Arts & Architecture Program - Field Trips & Excursions
The study program is enhanced by field trips to several of
Central Europe’s most beautiful cities, including Krakow,
Vienna, Budapest, and Berlin. For the most part, during their
time outside of Prague, there is no formal classroom. Instead
lectures are given by local scholars at cooperating institutions
and during tours of museums, galleries, churches, and other
historical landmarks.
Five-Day Trip to Krakow
The town of Krakow has been considered
Poland's Heart for a thousand years. It provides the lifeblood
for the country’s creative genius; to understand Krakow is
to understand Poland. The decision to take our students to
this important city is an easy one, for it provides participants
with a chance to view another face of Central Europe.
Poland is an overwhelmingly catholic country whose proud
history includes many chapters of direct confrontation with
its eastern and western neighbors. The weeklong program
of study concentrates on themes such as Jewish Krakow,
with lectures on the Holocaust, a visit to Auschwitz,
an examination of Primo
Levis’ seminal work, and neighborhood walks of Kazimierz.
We also expose the students to lectures and a shared curriculum
with students at the Dartmore Institute’s main cooperating
institution, Jagiellonian
University, Poland's oldest and most prestigious
institution of higher learning. The students move through
a diverse curriculum that includes Polish Poetry, presentations
on Polish culture, history, post communist social development
and its relationship to the E.U., and visits to
museums and galleries. Students visit the legendary
Salt Mines, spend
a day in nature in a beautiful national park, tour castles
and attend cultural performances. The academic program runs
each morning from 10 a.m. - 2 p.m., and the rest of each day
is given over to non- mandatory cultural activities. Students
are offered group dinners and time to explore this charming
and intimate city on their own. Students are housed in a
very high quality small hotel. The Dartmore staff and students
are the hotel’s only guests for the week, so we will have
the undivided attention and service of the hotel staff.
Three-Day Trip to Vienna
To witness an equally rich and historic dimension of Central
Europe, one must journey to Vienna, renowned for its architecture,
composers, and painters. While walking the Ringstrasse, the
famous street that encircles the historical center of Vienna,
you are transported back in time and feel the spirit of creativity.

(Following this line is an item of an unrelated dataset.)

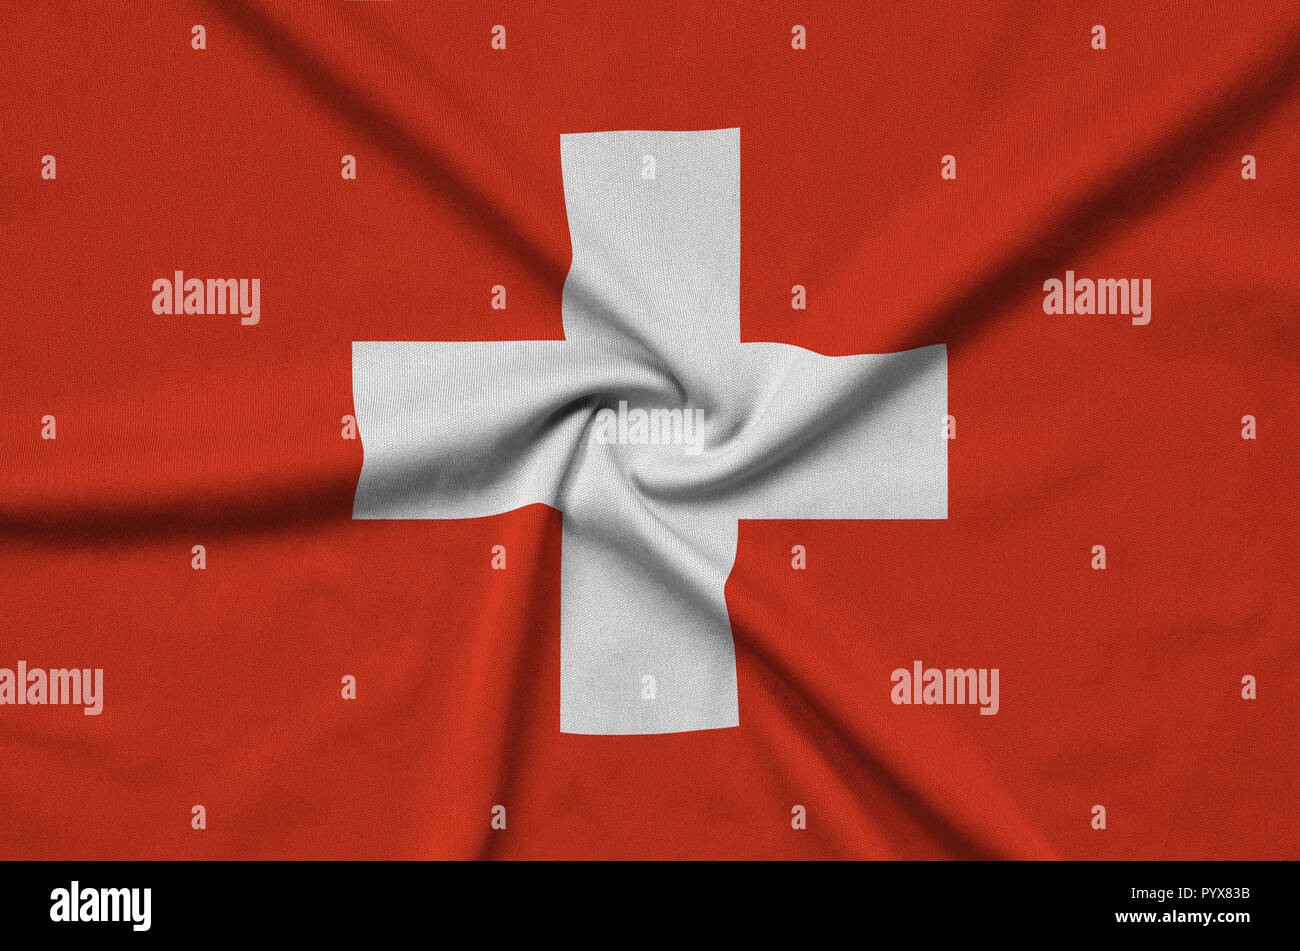 Switzerland National Soccer Team Stockfotos und -bilder Kaufen - Alamy

Vienna, the home of such influential and important individuals
as Mozart, Wagner, Freud, and Klimt, was arguably the premier
city of Europe in the late 19th and early 20th century. The
city reads as a living text that chronicles many of the major
events that shaped the development of modern European art,
architecture, and culture.
The goal of these three days in Vienna is to place students
inside this historical text. Students spend the majority
of their time not in the classroom, but in the city with a
single guest lecturer each day speaking about a particular
aspect of the city’s life. They tour many of the most famous
places in Vienna, including Stephansdom
(St. Stephen’s Cathedral), the 13th century gothic
masterpiece that towers over the city’s center, and the Hofburg (Imperial
Palace), the famous Habsburg palace that also dates back
to the 13th century. Other visits include Kunsthistorisches Museum (Museum
of Fine Arts) and the baroque palace, Schloss Belvedere, which
houses the Austrian National Gallery.
Students also have an opportunity to meet other university
students in Vienna. We stay close to downtown, about 10 minutes
by train, in a clean, airy, and well-equipped pension. This
trip is three weekdays and an optional weekend.

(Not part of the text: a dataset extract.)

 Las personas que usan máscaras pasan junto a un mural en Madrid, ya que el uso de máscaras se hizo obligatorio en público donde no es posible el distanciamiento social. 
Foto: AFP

Three-Day Trip to Budapest
Students experience the intriguing mix of eastern and western
influences that Budapest offers. You can smell the spices
of the orient and feel the influence of former empires, both
Ottoman and Austrian. The Danube River cuts this beautiful
city into distinct halves. Buda, the western and older half,
contains remnants of the city’s medieval past. Students begin
their journey into the intriguing world that was medieval
Europe in the heart of Buda at the Magdalen Tower, all which
remains from a Gothic church destroyed in WWII. Students then
visit the Royal Palace,
which contains the National Gallery and the Budapest History
Museum.
Once crossing the Danube via the famous Chain Bridge, students
visit the Citadella, the imposing fortress
built by the Habsburgs to defend the city after the 1848 -
49 Revolution. Now firmly in Pest, the tour of the city continues
to the Vajdahunyad
Castle, the Museum of Fine
Arts, and the neo- Renaissance St. Stephen’s
Basilica, and the cafes, gardens, and hot springs of Margaret Island.

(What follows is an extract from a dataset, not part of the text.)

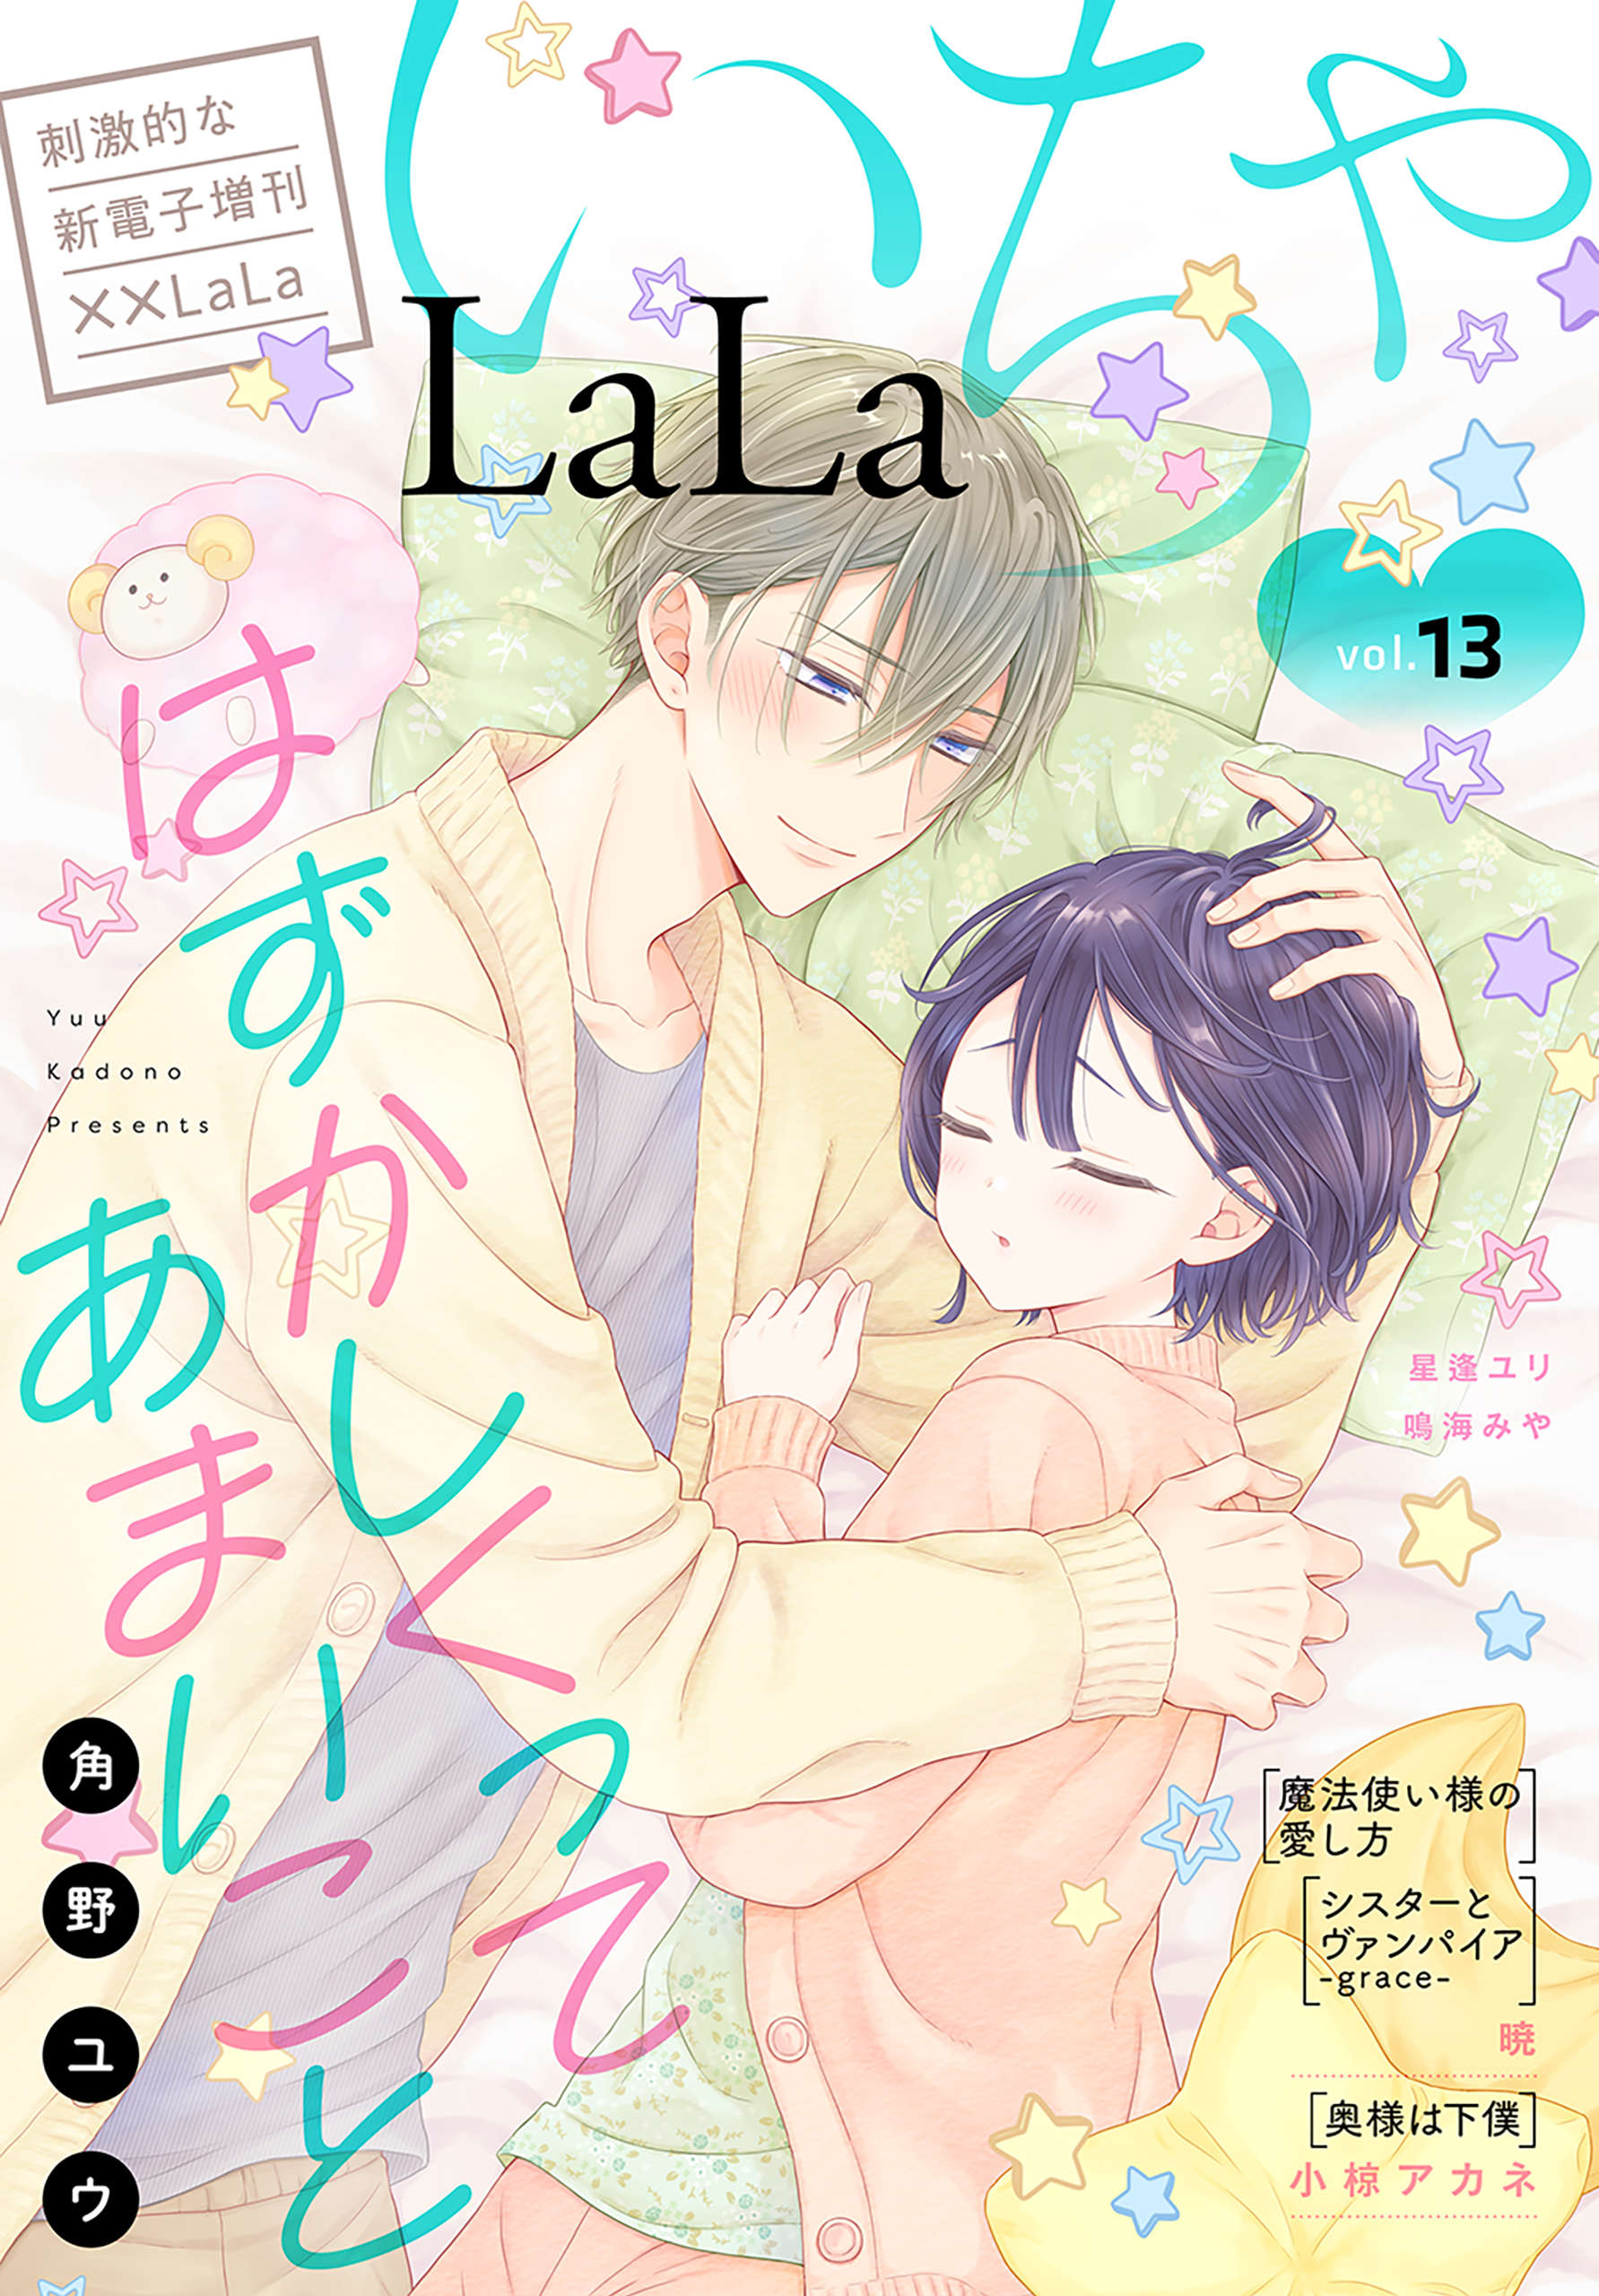 LaLa いちゃLaLa Vol.13(マンガ) - 電子書籍 | U-NEXT 初回600円分無料

Students may also spend their time in any of the city’s famous
bathhouses.
Students also have an opportunity to meet other university
students in Budapest. We stay close to downtown, about 15
minutes by train, in a clean, airy, and well-equipped pension.
This trip is three weekdays and an optional weekend.
Three-Day Trip to Berlin
Once again Berlin has become the cultural, political,
and economic center of Germany. Culminated by the return
of the Reichstag in 2002, the German parliament, this city
has completed an incredible transformation from a city divided
by a physical wall and competing ideologies to a vibrant metropolis
that celebrates a unified Germany. Students tour the city
and experience these profound changes as they visit the historical
places of Berlin’s complicated past and the new, modern cultural
centers, including the Museumsinsel,
the famed Museum Island, one of Europe’s premiere centers
of modern art and architecture.
Other visits include the New National Gallery, with its 19th
and 20th century paintings and sculptures by Picasso,
Klee, and many other German expressionists, the Museum of Modern
Design, dedicated to the artists of the Bauhaus school,
and the Museum of Decorative Arts, which contains artwork
ranging from 16th century silver artifacts to Art
Deco furniture.
Students also have an opportunity to meet other university
students in Berlin. We stay close to downtown, about 20 minutes
by train, in a clean, airy, and well-equipped pension. This
trip is three weekdays and an optional weekend.
Other Field Trips
Other trips include the medieval city of Cesky
Krumlov, located in South Bohemia and protected by UNESCO,
the breathtaking spa-town of Karlovy
Vary (Karlsbad), the historic town of Mikulov, nestled in the winemaking
region of Moravia, the former 14th century royal
town of Levoca in Slovakia, as well as our
Art Retreat held in the picturesque village of Slavonice.
In an effort to expand students’ horizons even further, the
Institute’s administrative staff will arrange additional weekend
excursions to other cities and towns throughout the Czech
Republic and the region. These excursions will not be part
of the formal Arts & Architecture program.